Ben miró a sus asistentes.

—Bueno, ¿qué pensáis?

Questor se encogió de hombros.

—Creo que es más fácil atrapar y devorar a un perezoso domesticado que a uno salvaje.

—¡Creo que alguien debería comerse unos cuantos gnomos para ver qué tal saben! —dijo Abernathy.

—¿Te interesa esa clase de comida? —preguntó Questor.

Ben dio un paso adelante con impaciencia.

—No os estoy preguntando qué pensáis de lo que hicieron. Os pregunto si creéis que debemos prestarles ayuda.

Abernathy se quedó asombrado. Sus orejas se aplastaron hacia atrás y sus gafas resbalaron en ángulo sobre la nariz.

—¡Antes preferiría acostarme en una cama llena de pulgas, gran señor! ¡Antes preferiría compartir mi habitación con gatos!

—¿Y qué decís de que los trolls hayan obligado a esa gente a servirles como esclavos? —les presionó Ben.

—¡Para mí está claro que esa situación la provocaron ellos! —respondió al amanuense—. En cualquier caso, tenéis preocupaciones más importantes que los gnomos nognomos.

Ben frunció el entrecejo.

—¿Tú crees?

—Gran señor —intervino Questor adelantándose—. El Melchor es una región peligrosa y los trolls de la montaña nunca han sido los súbditos más leales al rey. Son un pueblo tribal, muy primitivo, poco proclive a aceptar cualquier intervención en su región. El viejo rey los mantuvo a raya permaneciendo apartado de sus asuntos.
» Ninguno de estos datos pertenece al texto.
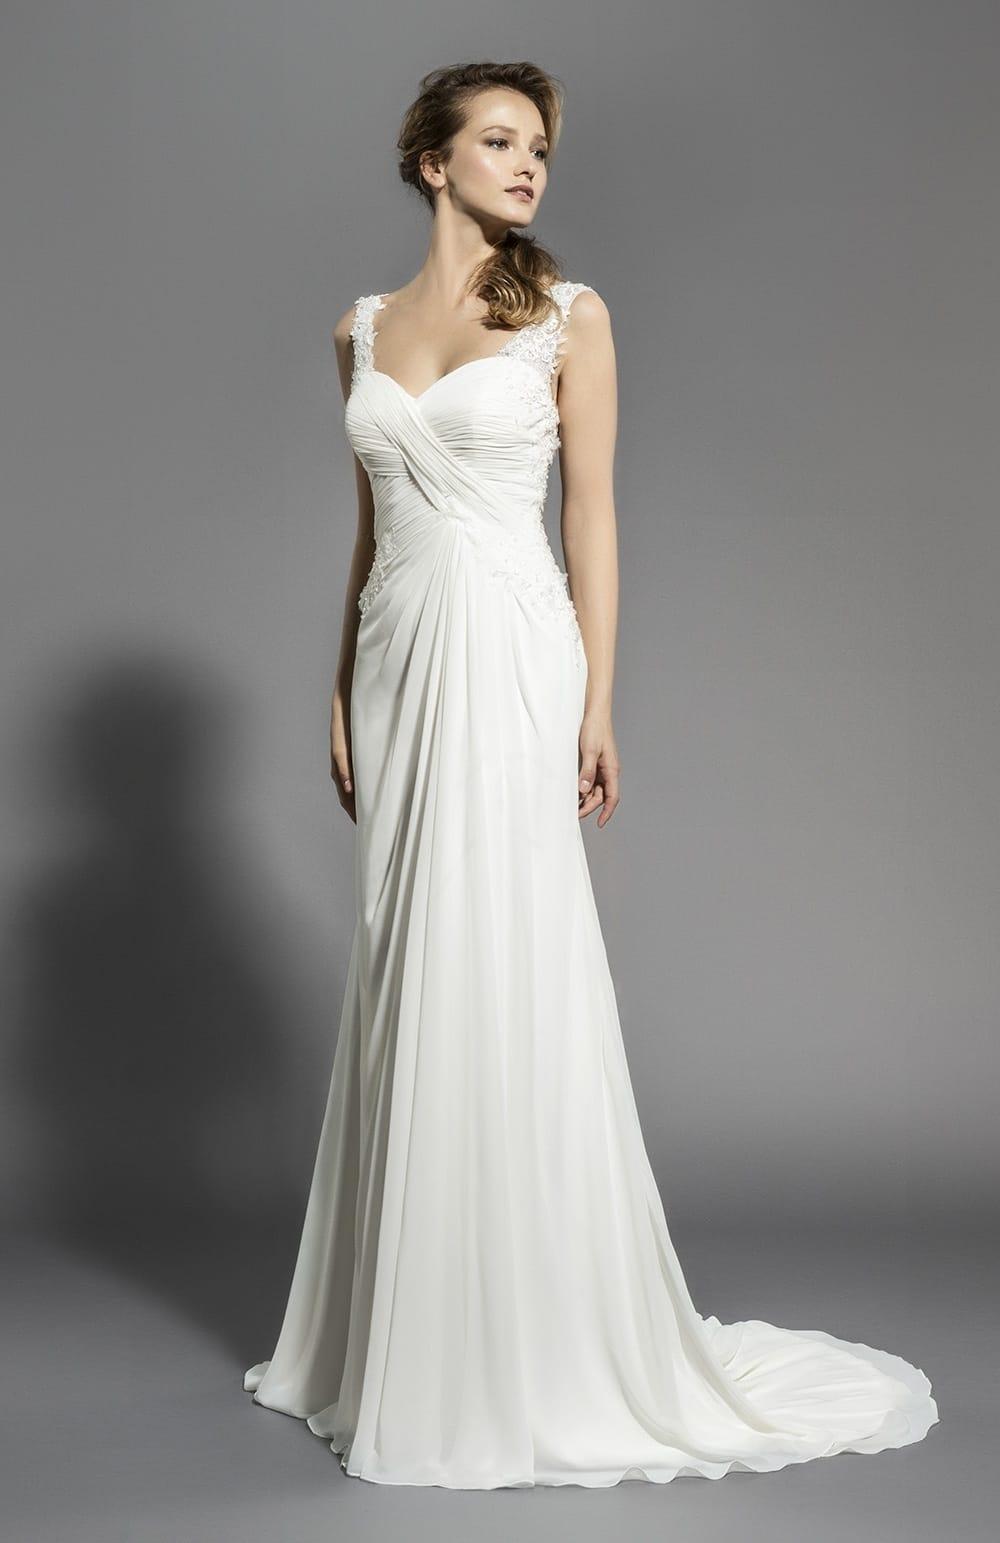 Robe de mariée Modèle Prescilla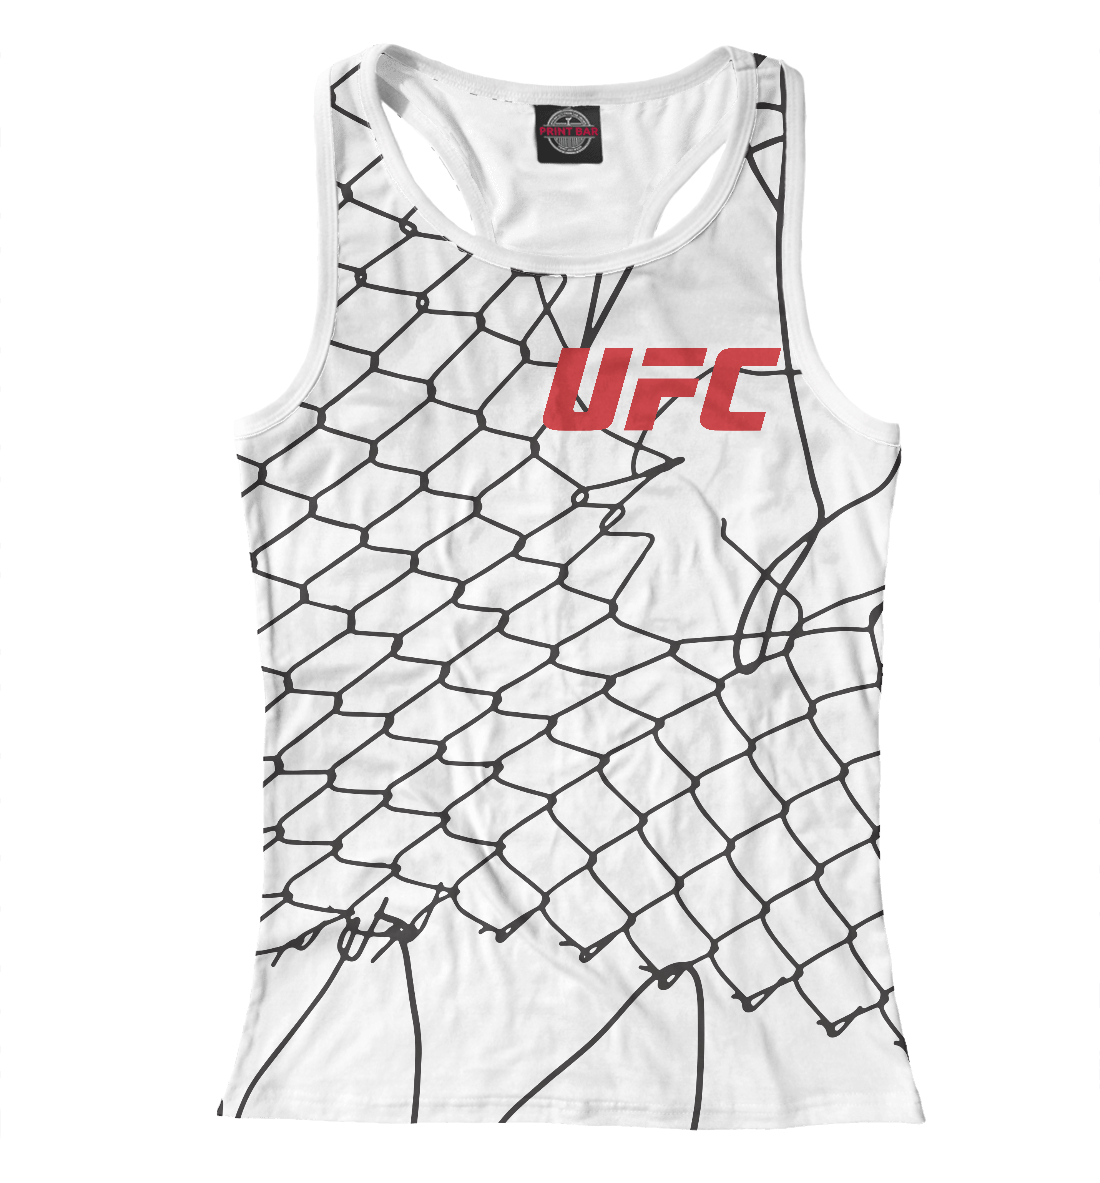 Купить UFC Клетка, Printbar, Майки борцовки, MNU-518706-mayb-1

Cuando tenía que intervenir, lo hacía respaldado por un ejército.

—Y yo no tengo ningún ejército que me respalde, ¿verdad? —concluyó Ben—. Ni siquiera cuento con los servicios del Paladín.

—Gran señor, los gnomos nognomos no han hecho más que causar problemas desde los tiempos más lejanos que cualquiera pueda recordar. —Abernathy dio un paso para ponerse al nivel de Questor—. ¡No son más que una molestia dondequiera que van! ¡Son caníbales y ladrones! ¿Cómo podéis pensar en ayudarles?

Questor asintió, evidenciando su conformidad.

—Quizás lo mejor sea rehusar su petición, gran señor.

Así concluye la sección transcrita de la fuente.